Show that the tangent line to the curve y=x^3 at the point x=a also hits the curve at the point x=-2a.
Any help?! PLEASE!
dy/dx = 3x^2
at x=a , y = x^3 and dy/dx = 3a^2
equation of tangent:
y = 3a^2x + b
but (a,a^3) is on it, so
a^3 = 3a^2(a) + b
b = -2a^3
tangent equation: y = (3a^2)x - 2a^3
intersect that line with y = x^3
x^3 = 3a^2x - 2a^3
x^3 - 3a^2x + 2a^3 = 0
We already know that x-a is a factor, since x=a is a solution.
so it factors to
(x-a)(x^2 + ax - 2a^2) = 0
(x-a)(x-a)(x - 2a) = 0
so x=a, or x=a, or x = 2a
second line should have been ----
at x=a , y = x^3 and dy/dx = 3a^2
thank you soooooo much!
Sure! I'd be happy to help. To show that the tangent line to the curve y = x^3 at the point x = a also hits the curve at the point x = -2a, we need to find the equation of the tangent line and check if it intersects the curve at x = -2a.

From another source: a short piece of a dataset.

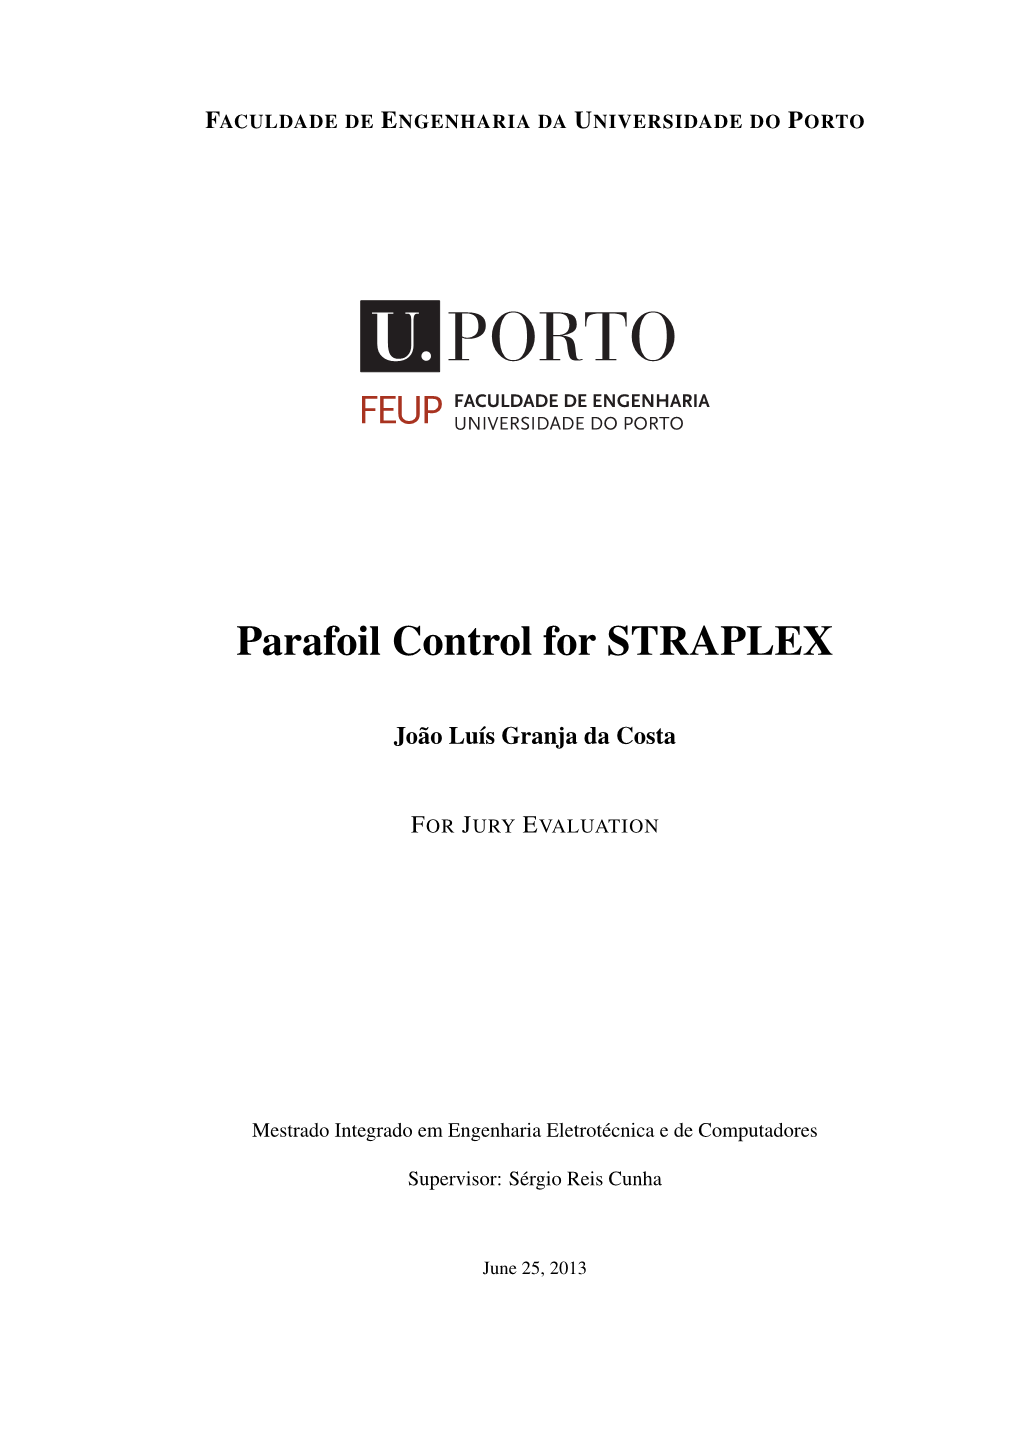 Parafoil Control for STRAPLEX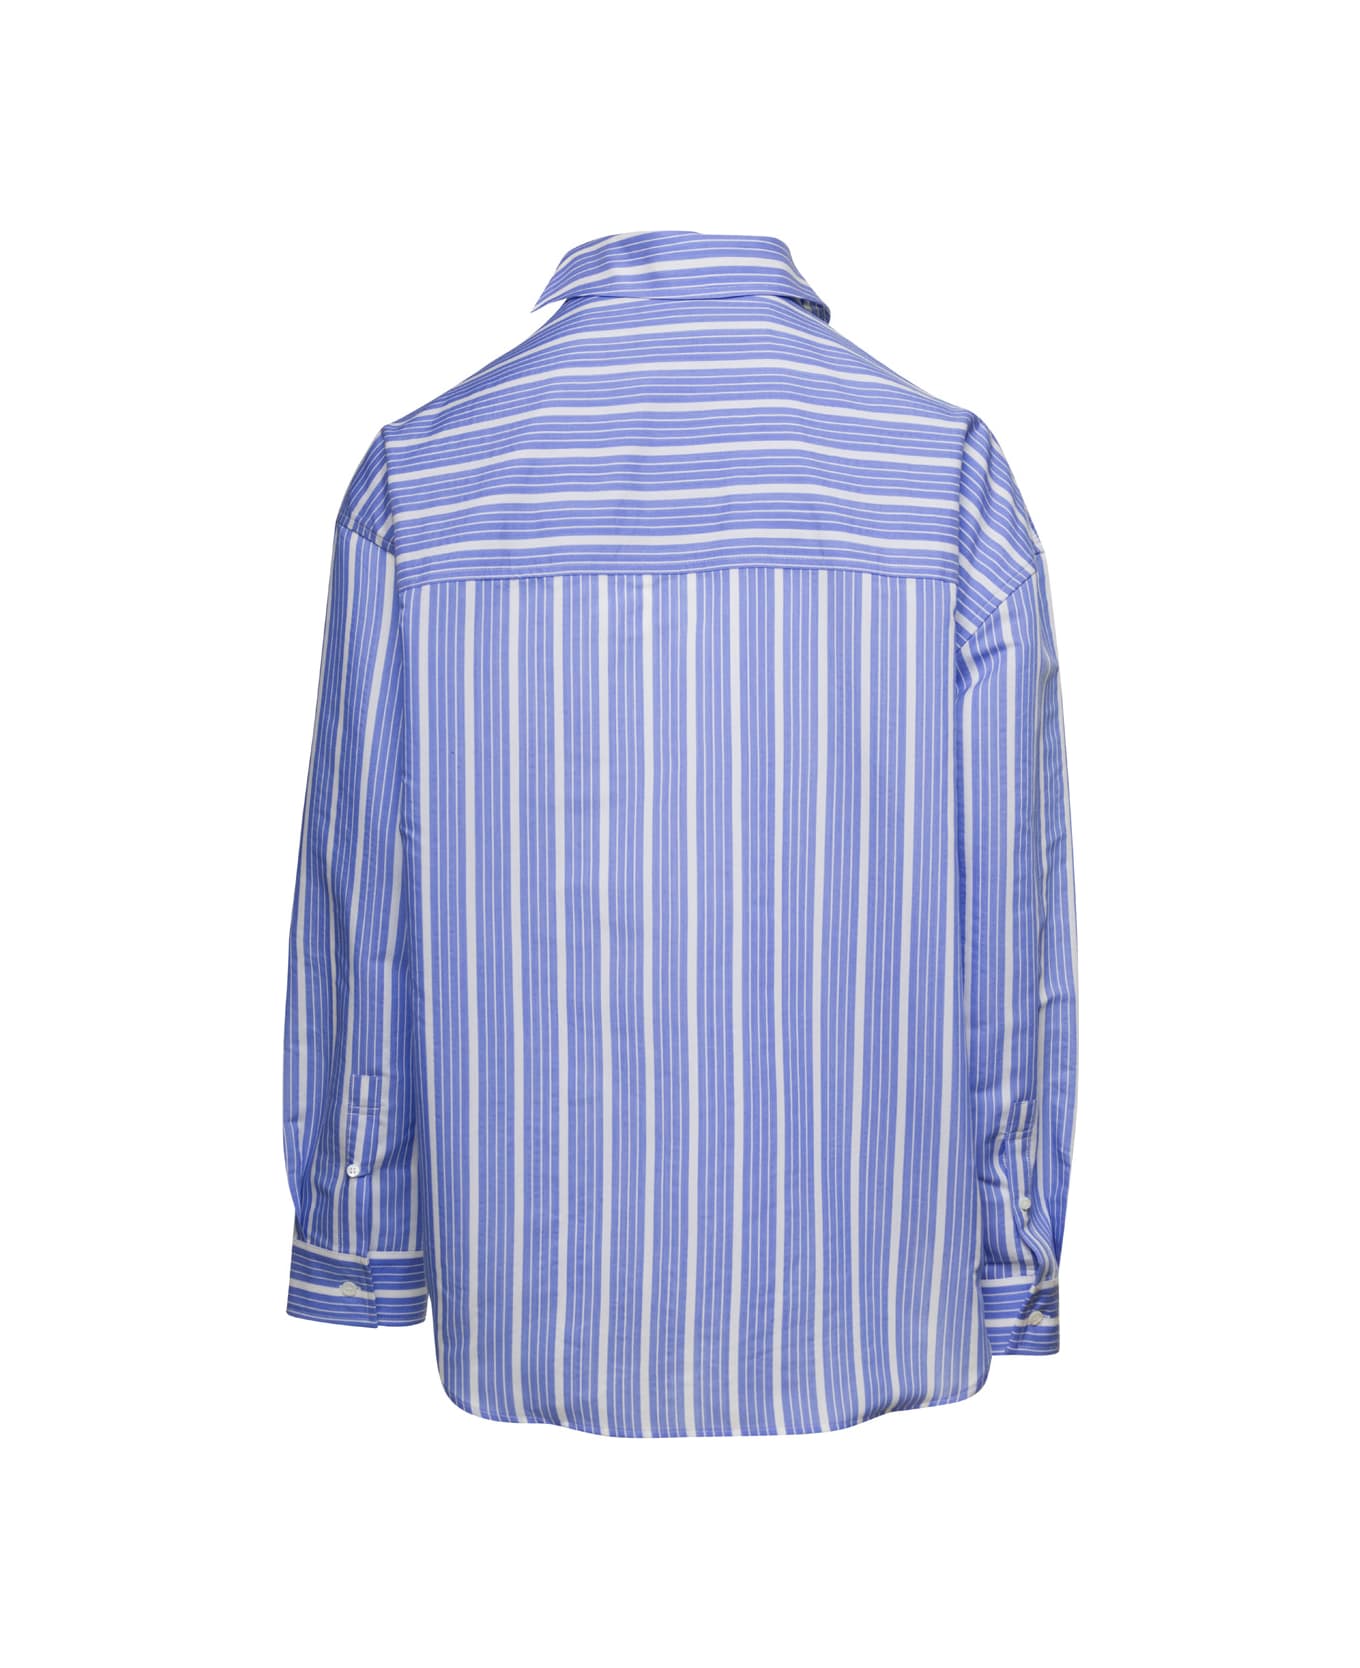 Jacquemus Cuadro Striped Silk-blend Shirt - Jcqud bus. lg stp blue/wh

To find the equation of the tangent line, we first need to find the derivative of the curve y = x^3 with respect to x. The derivative gives us the slope of the tangent line at any given point on the curve.
Using the power rule for differentiation, where the derivative of x^n is n*x^(n-1), we find that the derivative of y = x^3 is dy/dx = 3x^2.
Now that we have the slope of the tangent line, we can use the point-slope form of a linear equation to find the equation of the tangent line. The point-slope form is given by y - y1 = m(x - x1), where (x1, y1) is a point on the line and m is the slope.
Since the point (a, a^3) lies on the curve y = x^3, we can use this point to find the equation of the tangent line. Plugging in the values, we have y - a^3 = 3a^2(x - a).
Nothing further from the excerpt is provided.